▸ WHAT YOU NEED TO DO
Take the line with "photography, Nadya Kulagina" as the first and the last line of the data as the end. Write out both and every line between exactly, except pictures.

▸ INFORMATION SUPPLIED

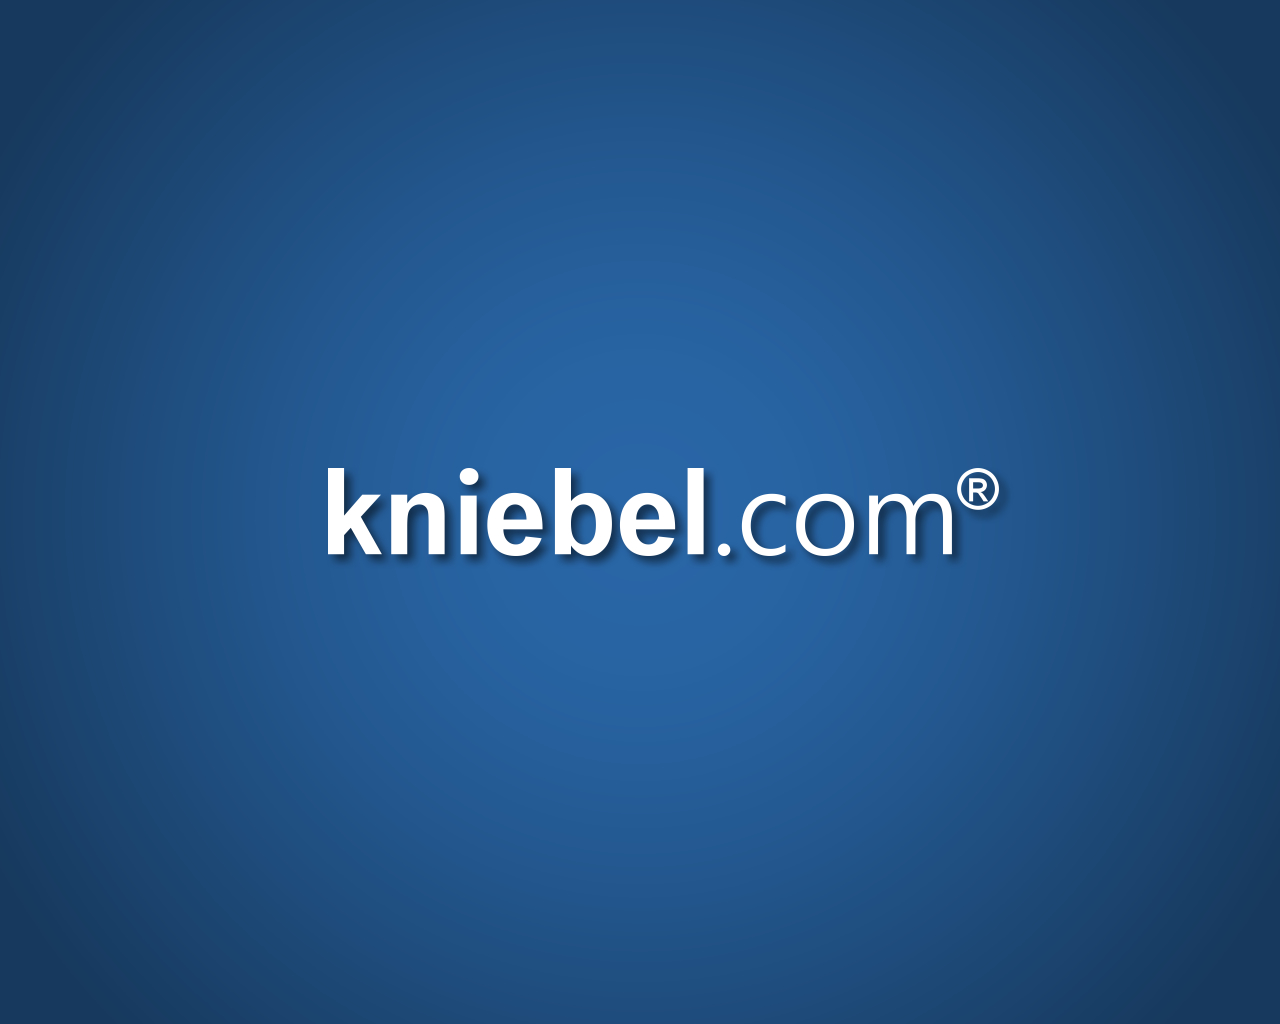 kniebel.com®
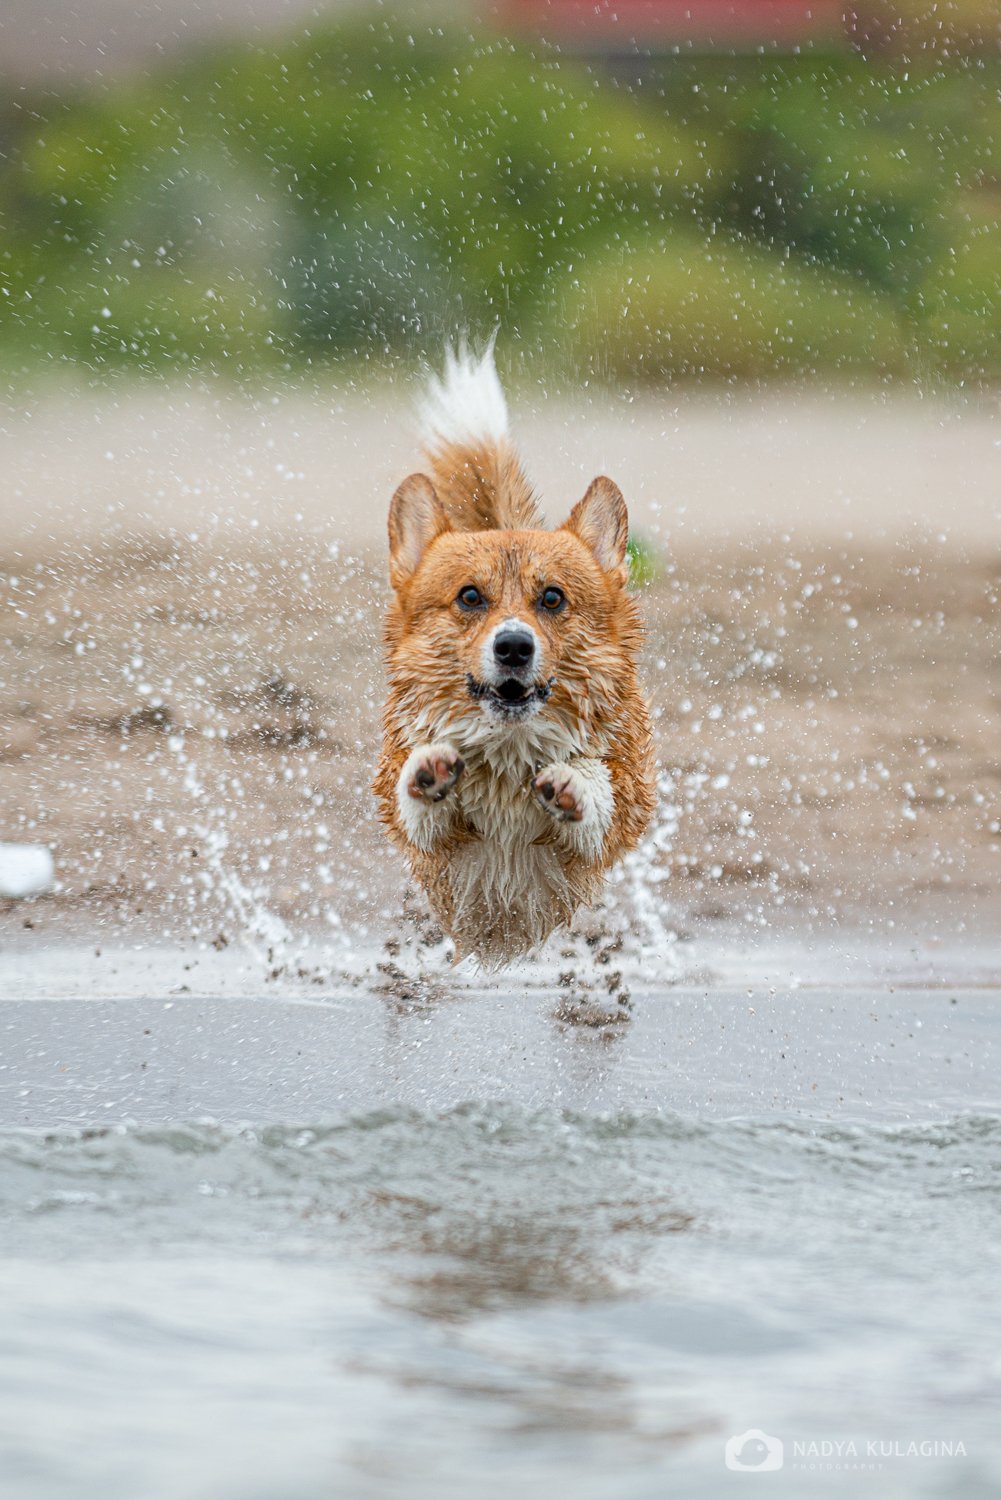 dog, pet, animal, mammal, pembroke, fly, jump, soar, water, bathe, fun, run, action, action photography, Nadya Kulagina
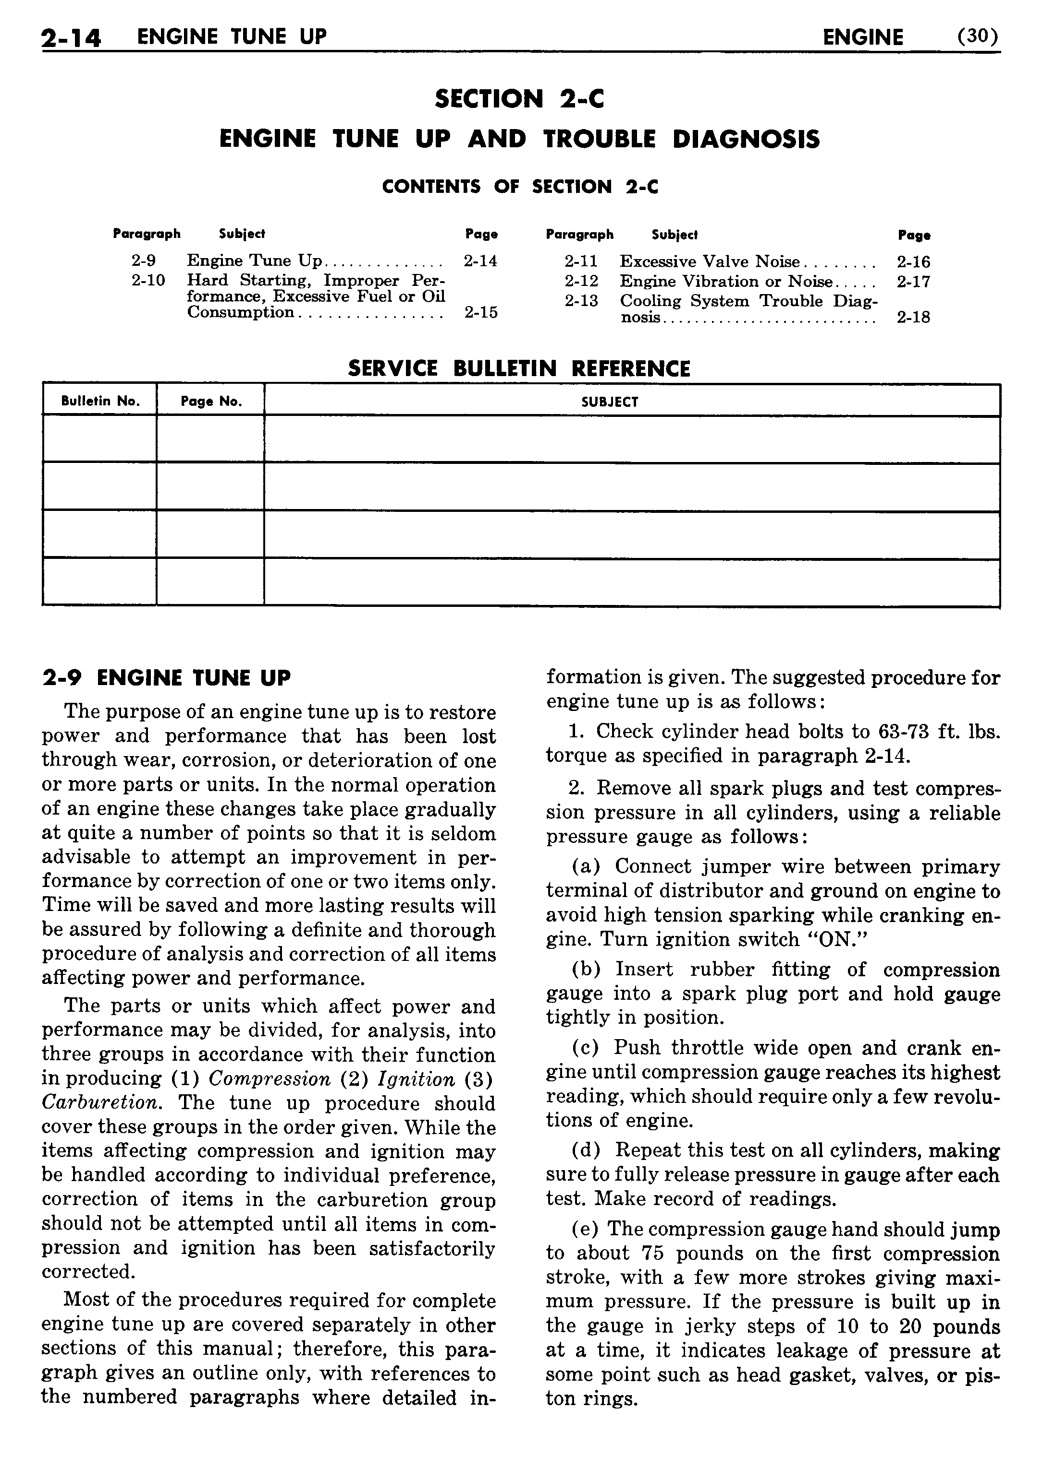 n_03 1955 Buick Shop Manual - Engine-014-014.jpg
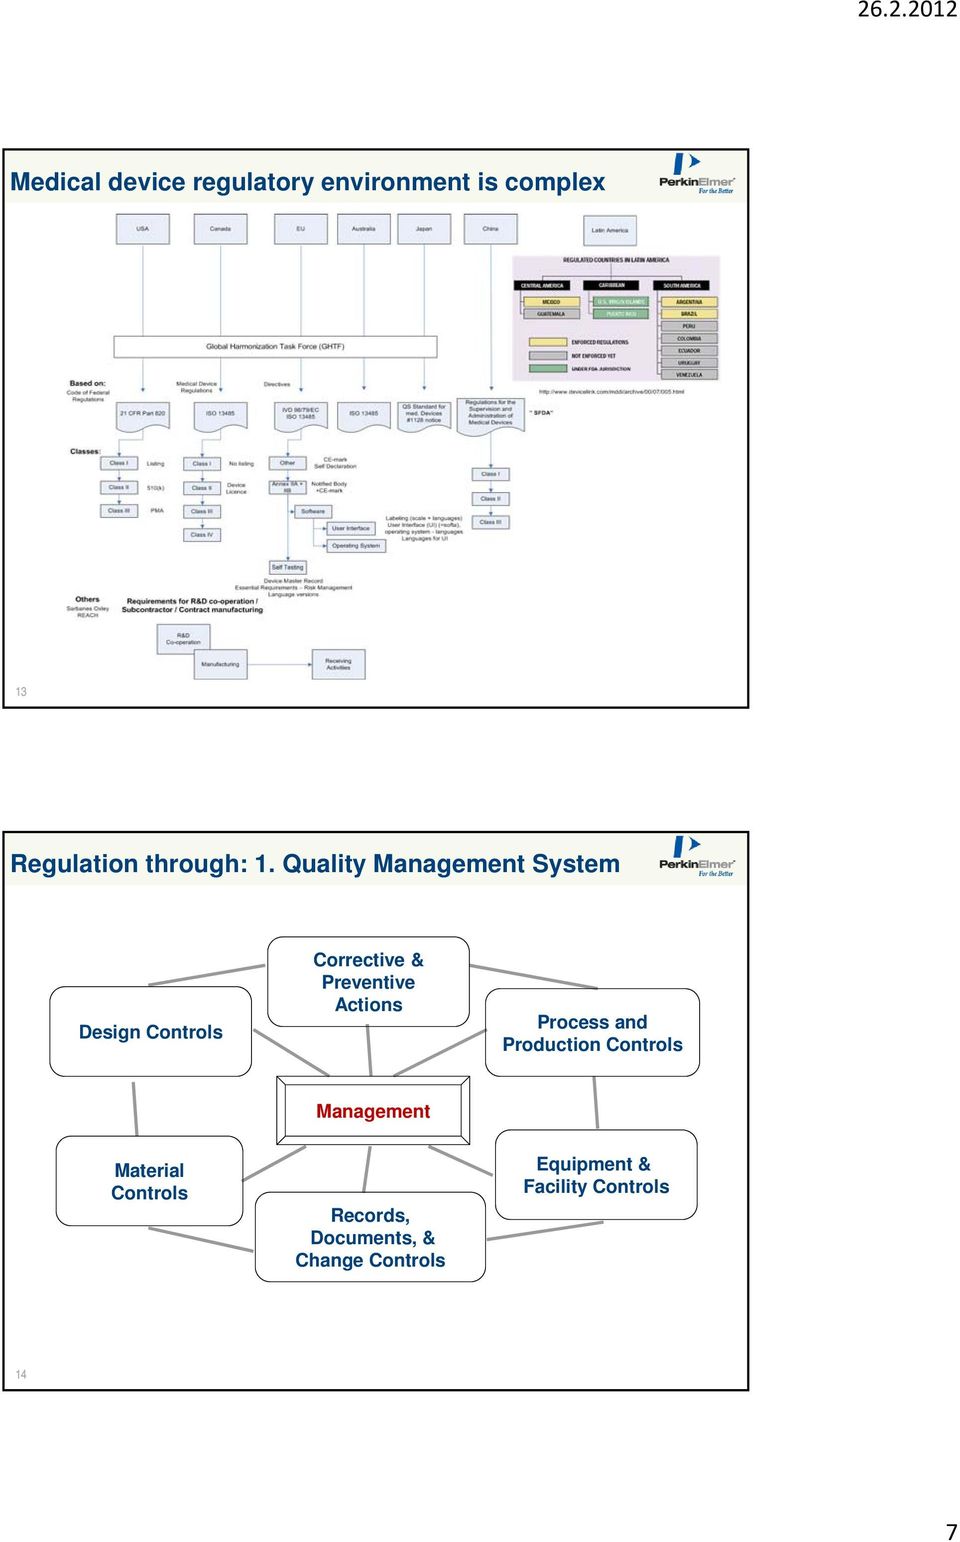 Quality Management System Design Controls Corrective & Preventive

▸ RESULT FOR THIS TASK
 dog, pet, animal, mammal, pembroke, fly, jump, soar, water, bathe, fun, run, action, action photography, Nadya Kulagina
 n_03 1955 Buick Shop Manual - Engine-014-014.jpg
 Quality Management System Design Controls Corrective & Preventive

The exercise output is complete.